I take a second to draw in the sights, the shimmering lights just beyond the building. On the lit path, a couple walks arm in arm for a few steps, disappearing beyond the hedge.
Love. They’re clearly in love.
I close my eyes, thumping my head on the glass at the shifting thoughts.
“I assume the kids are asleep, so you have five seconds before I start pounding on the door.” Yennifer breaks my paranoia, and my smile returns as I head for the suite entrance.
Swinging it open wide, I lean out the opening in time to spot Yenn standing in the center of the rotunda with her phone pressed to her ear.
“Yenn!” I whisper-squeak, motioning her toward me. Was it just a minute ago that I felt like everything was suffocating me?
She hops into the room smelling like heaven and wearing a flowing outfit that looks like it’s made of several scarves. It’s very European, I guess.

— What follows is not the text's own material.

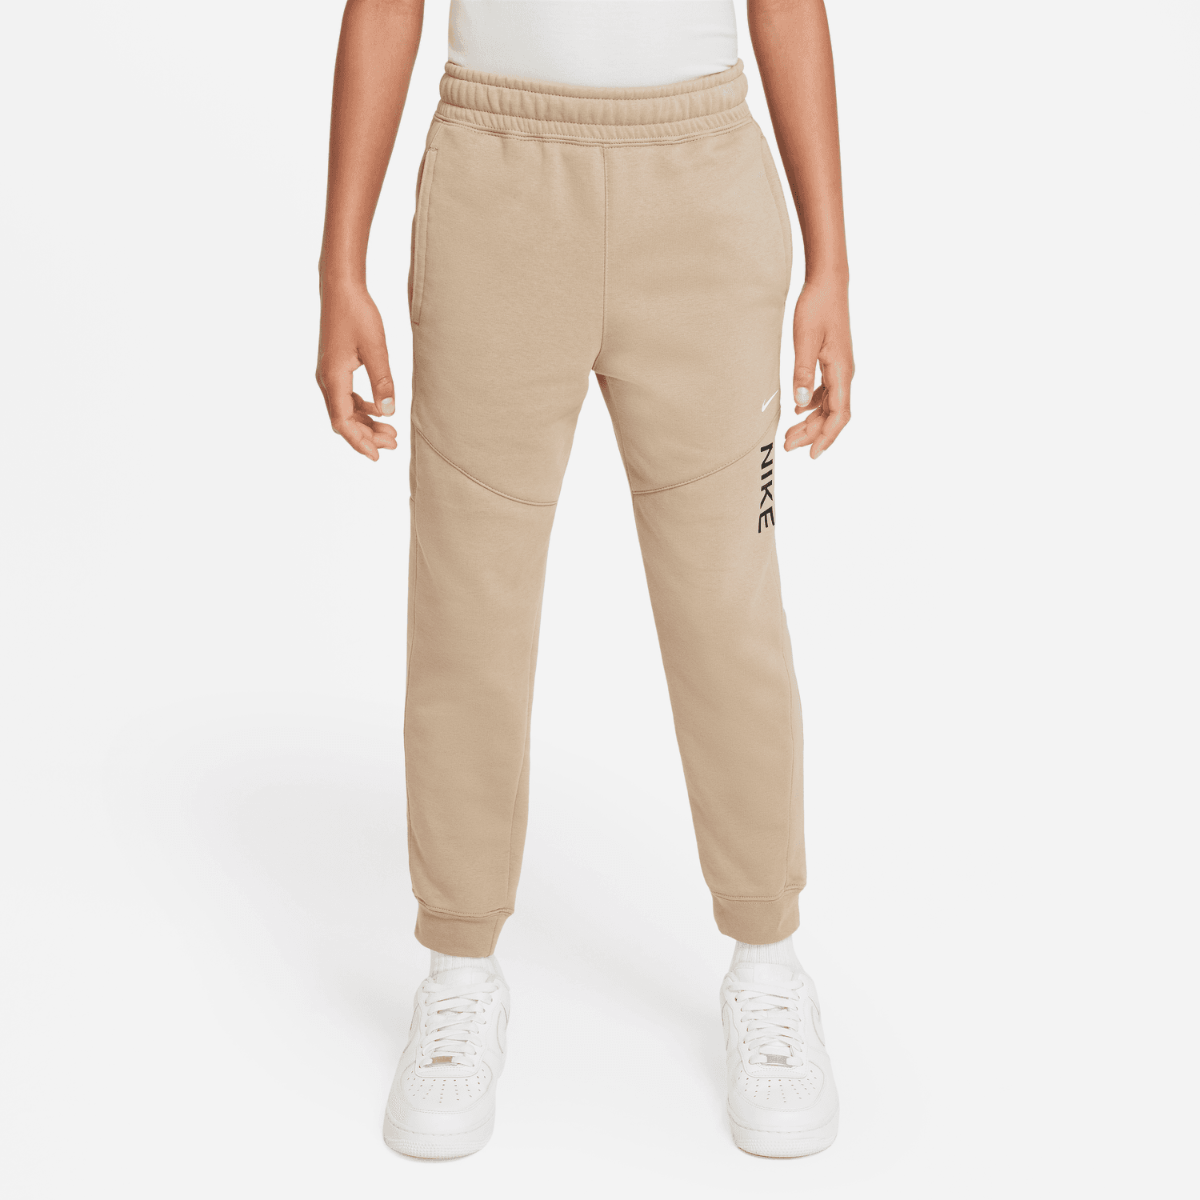 Pantalón Nike Sportswear Tech Fleece Junior - Beige

“Bitch, it’s so good to see you!” she says, her eyes sparkling when she tosses her $20,000 bag on the plush sofa as if it were a Wal-Mart Birkin.
She pulls me into another tight hug, her long dreadlocks, which now hang to her knees, wound in a half-up, half-down style. The gold bands she’s artfully placed on different strands bring the entire look together.
“I was planning on meeting up with you before you or I left,” I say. “You didn’t have to come all this way so late.”
Not that it really matters. My body is still kinda on Chicago time, where it’s afternoon.
“As if I’d give up the opportunity to see my best friend as soon as fucking possible,” she says with a goofy scoff.